Source data Block Start

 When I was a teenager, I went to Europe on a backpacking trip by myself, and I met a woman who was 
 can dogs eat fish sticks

Source data Block End
Source data Block Start

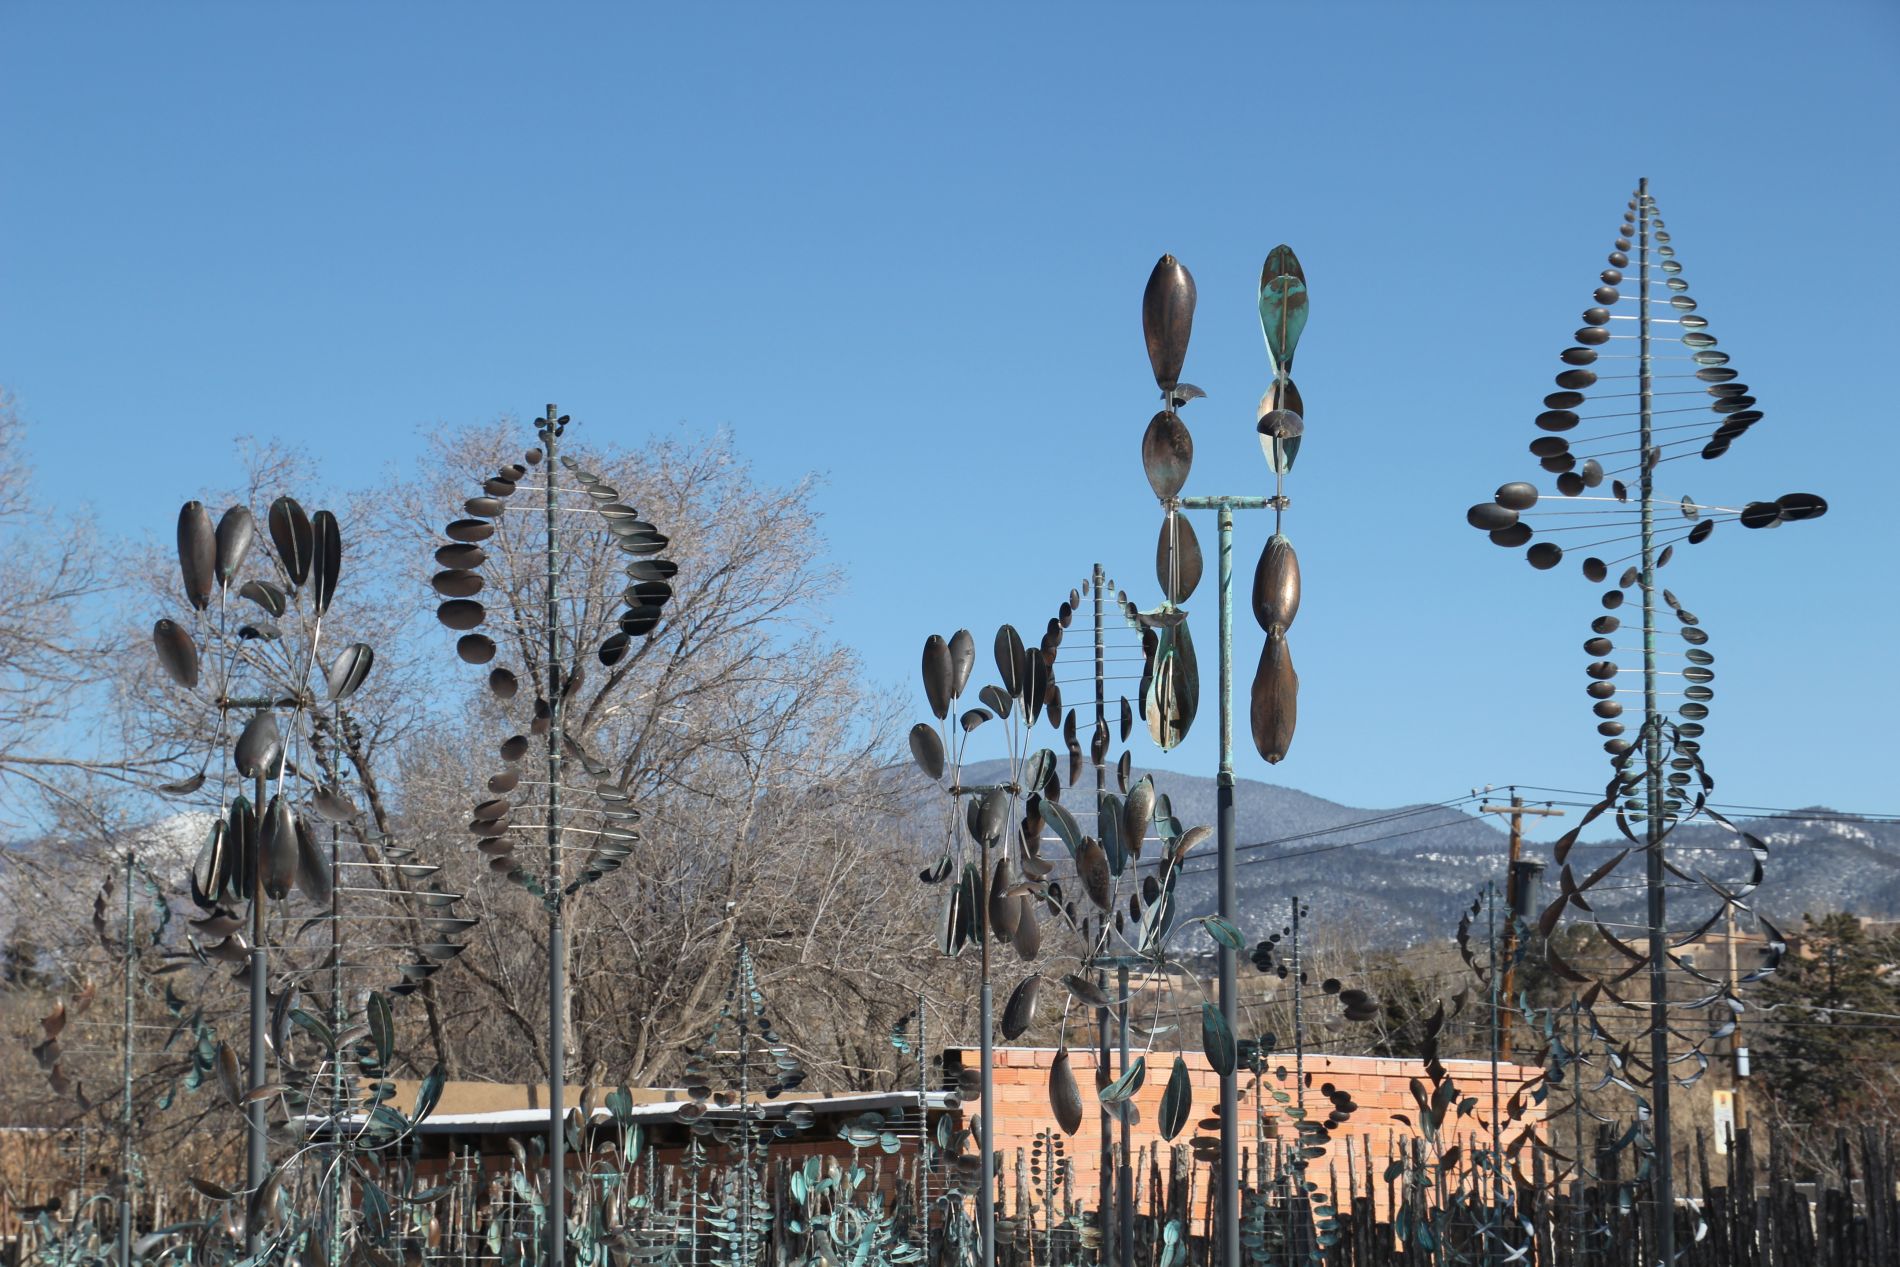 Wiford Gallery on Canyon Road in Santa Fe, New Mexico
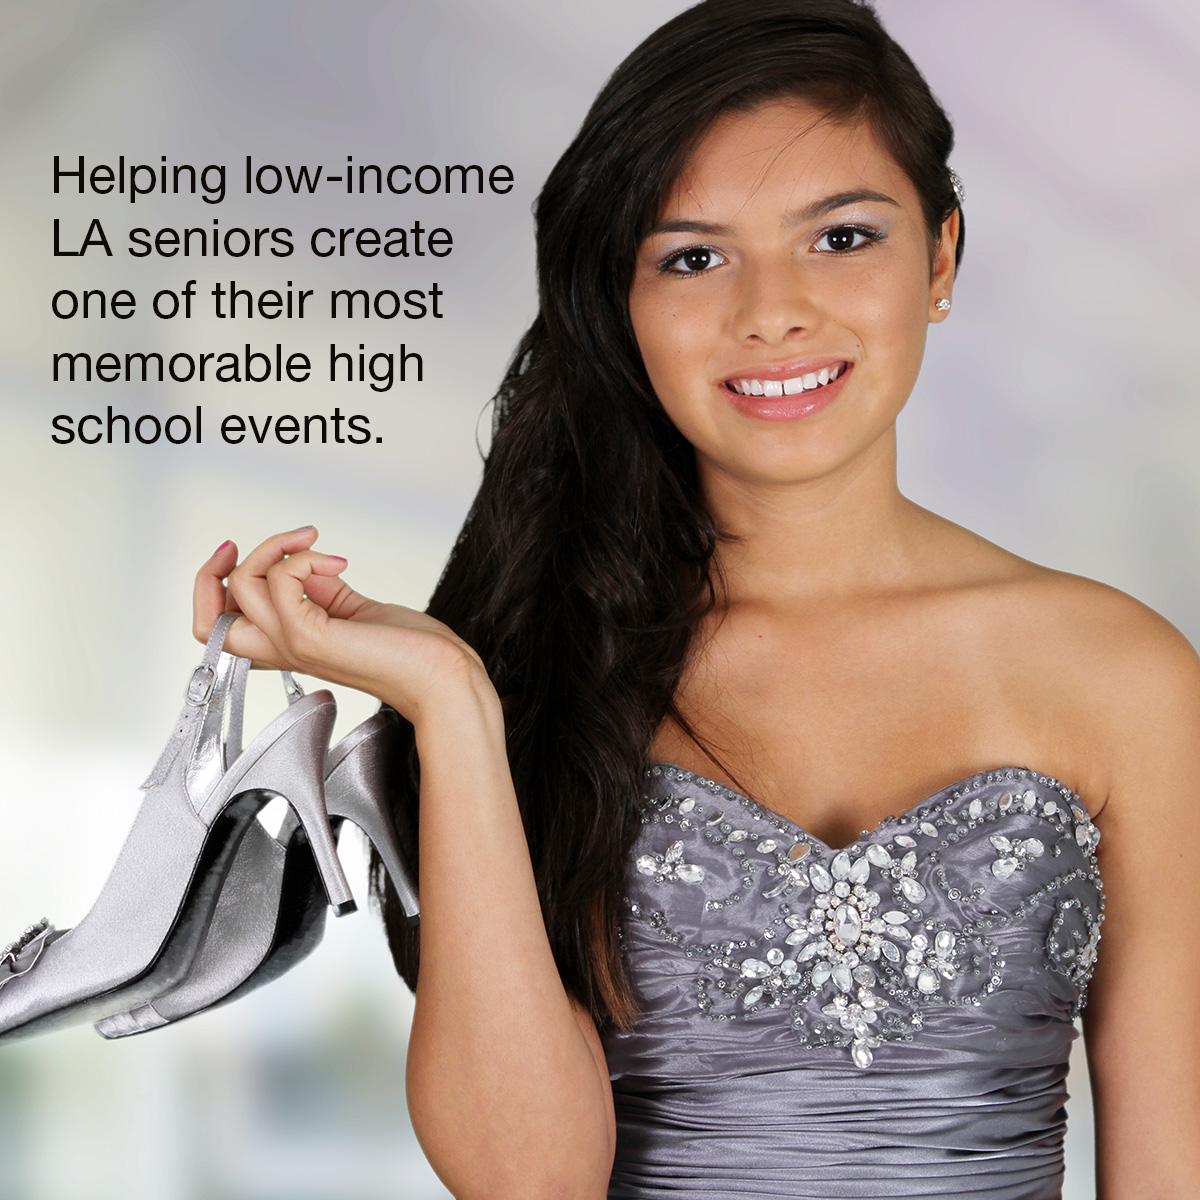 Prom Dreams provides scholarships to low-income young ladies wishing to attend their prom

Source data Block End
Source data Block Start

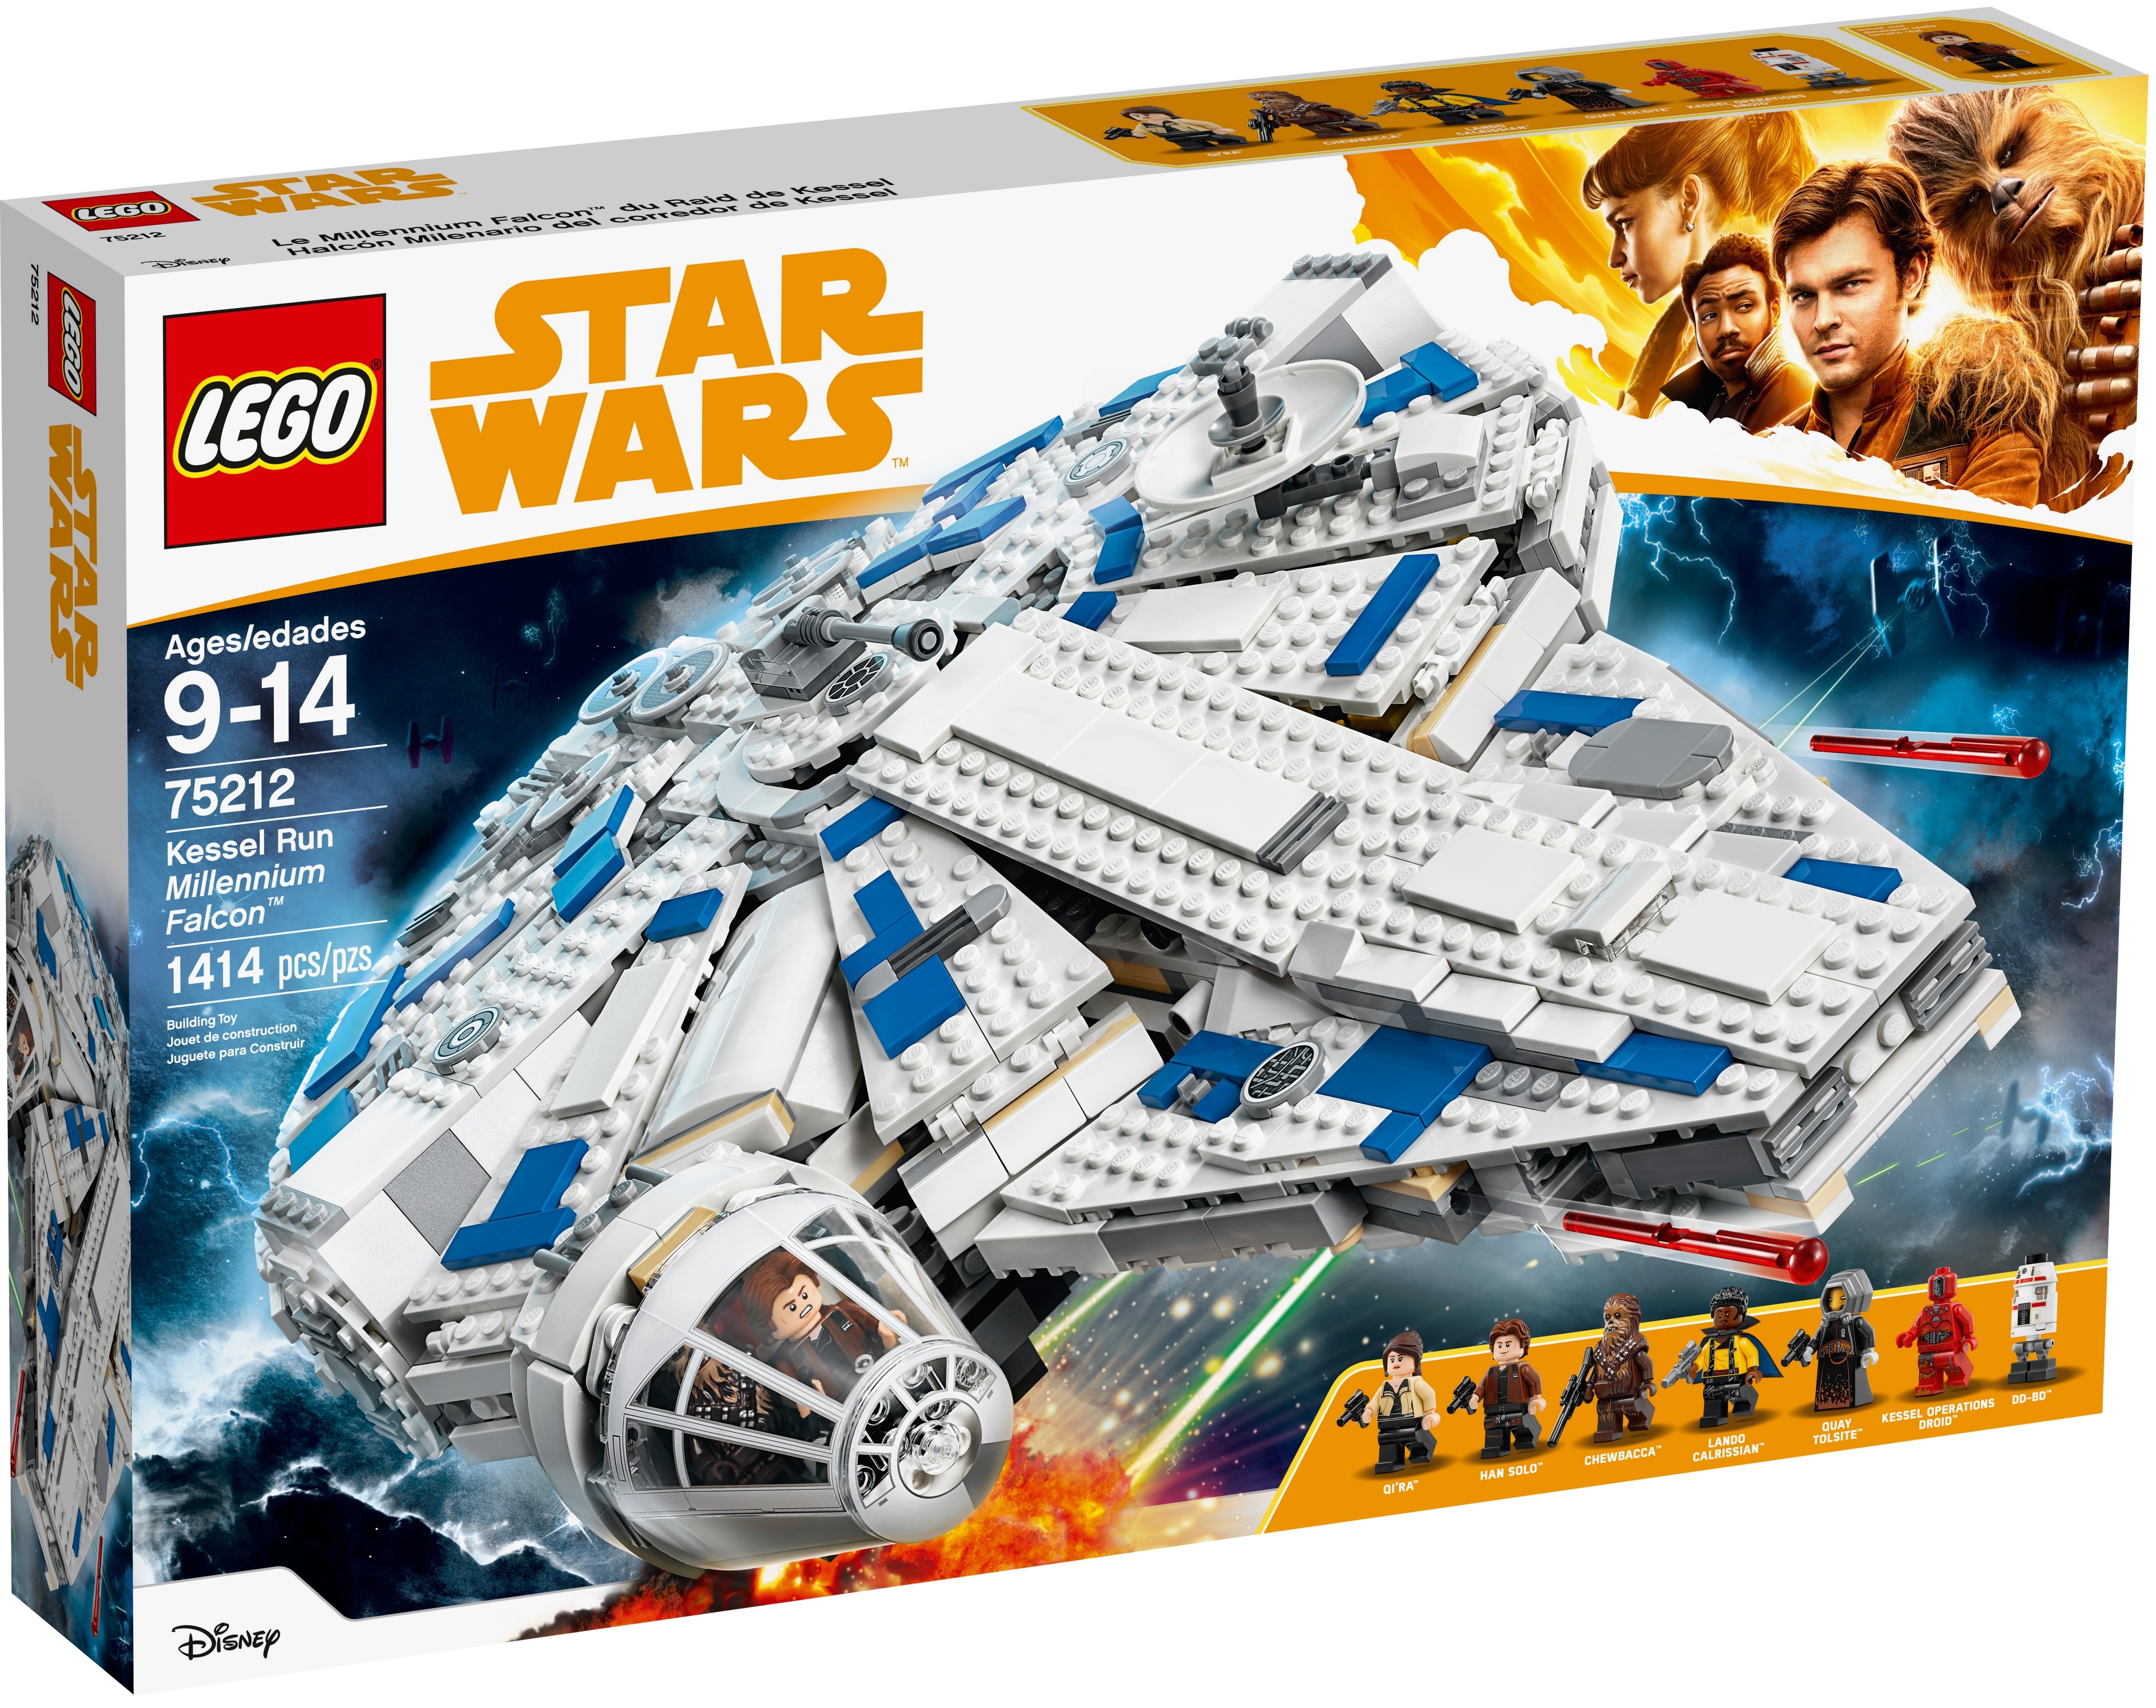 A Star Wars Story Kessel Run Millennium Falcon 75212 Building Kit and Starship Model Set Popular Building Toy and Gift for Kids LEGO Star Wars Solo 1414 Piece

Source data Block End

→ **Exercise aim**: Give an exact copy of the lines above from the line with "When I was a" up to and including the line with "can dogs eat fish sticks", and leave everything else out.

→ **Response area**:
 When I was a teenager, I went to Europe on a backpacking trip by myself, and I met a woman who was 
 can dogs eat fish sticks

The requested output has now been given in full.